Idiopathic acanthosis nigricans occurs in people who are otherwise healthy, but have dark, thickened areas of skin that appear at body folds and creases, especially the neck, underarms, groin and elbows. The cause of this type of acanthosis nigricans is unknown, but it may be related to genetics or hormones. Idiopathic acanthosis nigricans occurs in children, generally during puberty.


Malignant acanthosis nigricans tends to occur in people with an underlying cancerous tumor. It usually appears as a grayish-black velvety discoloration on the skin anywhere on the body. This type of acanthosis nigricans is rare and has been associated with cancers of the stomach or uterus. It can also occur

Acanthosis Nigricans is a skin disorder characterized by dark, thick, velvety skin in body folds and creases. Although the condition is harmless, it can be disfiguring and embarrassing. It is more common in people of color.

The most common cause of acanthosis nigricans is insulin resistance (IR). Some researchers believe that up to 75% of people with acanthosis nigricans have elevated insulin levels or are IR, although this number may be inflated by the fact that all obese children are considered insulin resistant.

The second most common cause of acanthosis nigricans in children is a rare genetic disorder called “familial partial lipodystrophy” or FPLD. In kids with FPLD, they may not have any fat under their skin on their arms, legs and trunk, but they do have it around their internal organs (visceral fat) and around their neck (subcutaneous fat). The extra fat around the neck causes excessive growth hormone (GH) production from the pituitary gland. This GH then acts directly on the skin to produce the acanthosis nigricans.

Acanthosis nigricans can also be seen in rare disorders such as neurofib

Acanthosis Nigricans is a condition characterized by thickened, velvety, pigmented skin. The condition is most commonly found in the underarms and neck but can appear anywhere on the body.
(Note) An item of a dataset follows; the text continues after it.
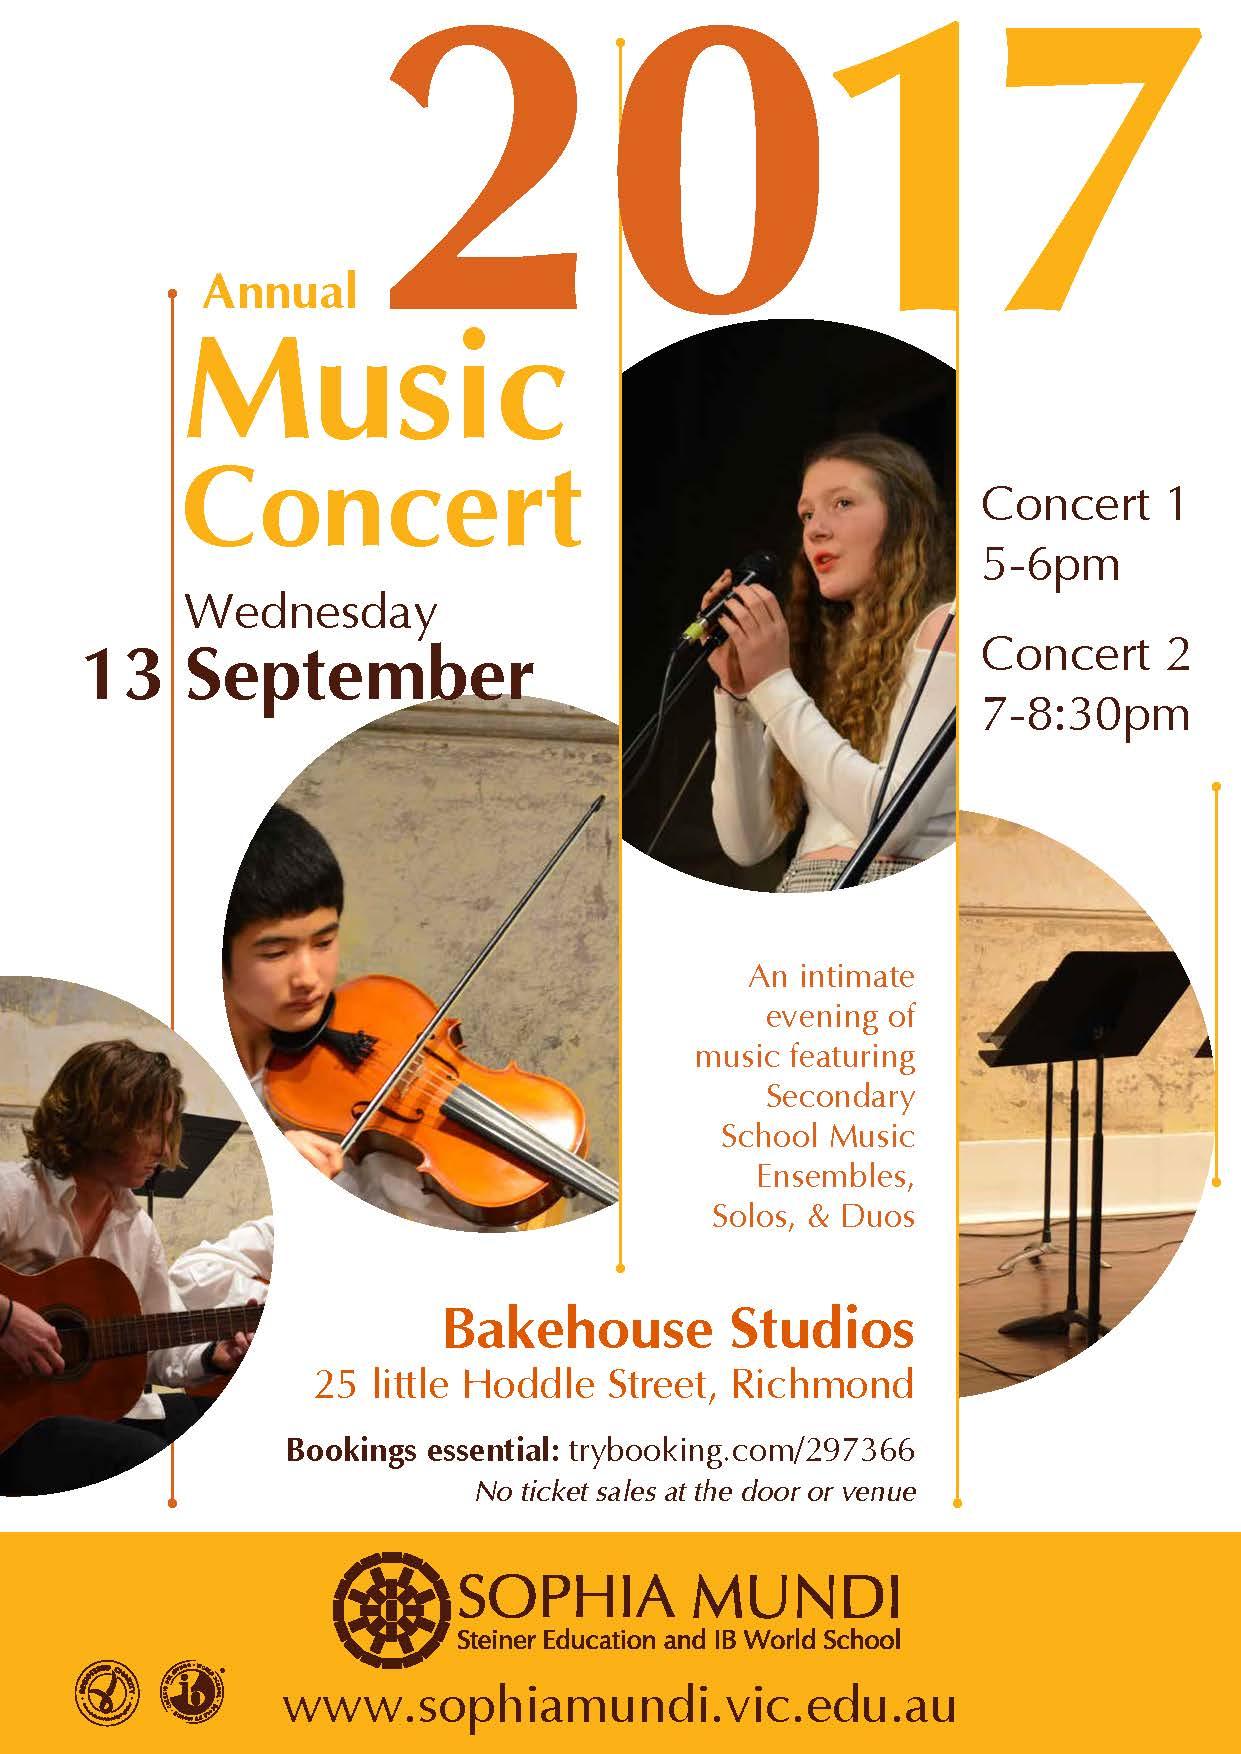 Annual Music Concert 2017

The cause of acanthosis nigricans are not always clearly understood. It is often associated with obesity and insulin resistance but it can also be seen in people of normal weight.

Acanthosis nigricans can be associated with endocrine disorders such as Cushing’s syndrome, polycystic ovary syndrome and hypothyroidism. It has also been found to occur more frequently in patients with liver or kidney disease.

Certain drugs have been known to induce acanthosis nigricans including nicotinic acid, oral contraceptive pills, niacin, corticosteroids and growth hormone.

Acanthosis nigricans occurs more frequently in dark-skinned people and those of Hispanic ethnicity. It typically starts before the age of 40 but is more likely to develop after puberty when hormones may play a role in its development.

Acanthosis nigricans is a skin disorder characterized by dark, thick, velvety skin in body folds and creases. The affected skin can become enlarged and cover the entire nape of the neck, groin, underarms, elbows, knees, knuckles, chest and other areas.

Causes of Acanthosis Nigricans

Acanthosis nigricans (AN) usually affects people with insulin resistance. Insulin is a hormone made by the pancreas to help glucose (sugar) get into cells to be used as energy. Insulin resistance means that some body cells do not respond well to insulin and can’t easily take up glucose from the blood. As a result, the body needs higher levels of insulin to help glucose enter cells. High levels of insulin in the blood can cause AN by increasing the growth rate of skin cells.

People who are obese are more likely to have high levels of insulin in their blood because obesity increases insulin resistance. This is why AN usually appears in obese people or people with diabetes. However, many people without diabetes also have AN. They may not be aware that they have increased insulin resistance until AN develops.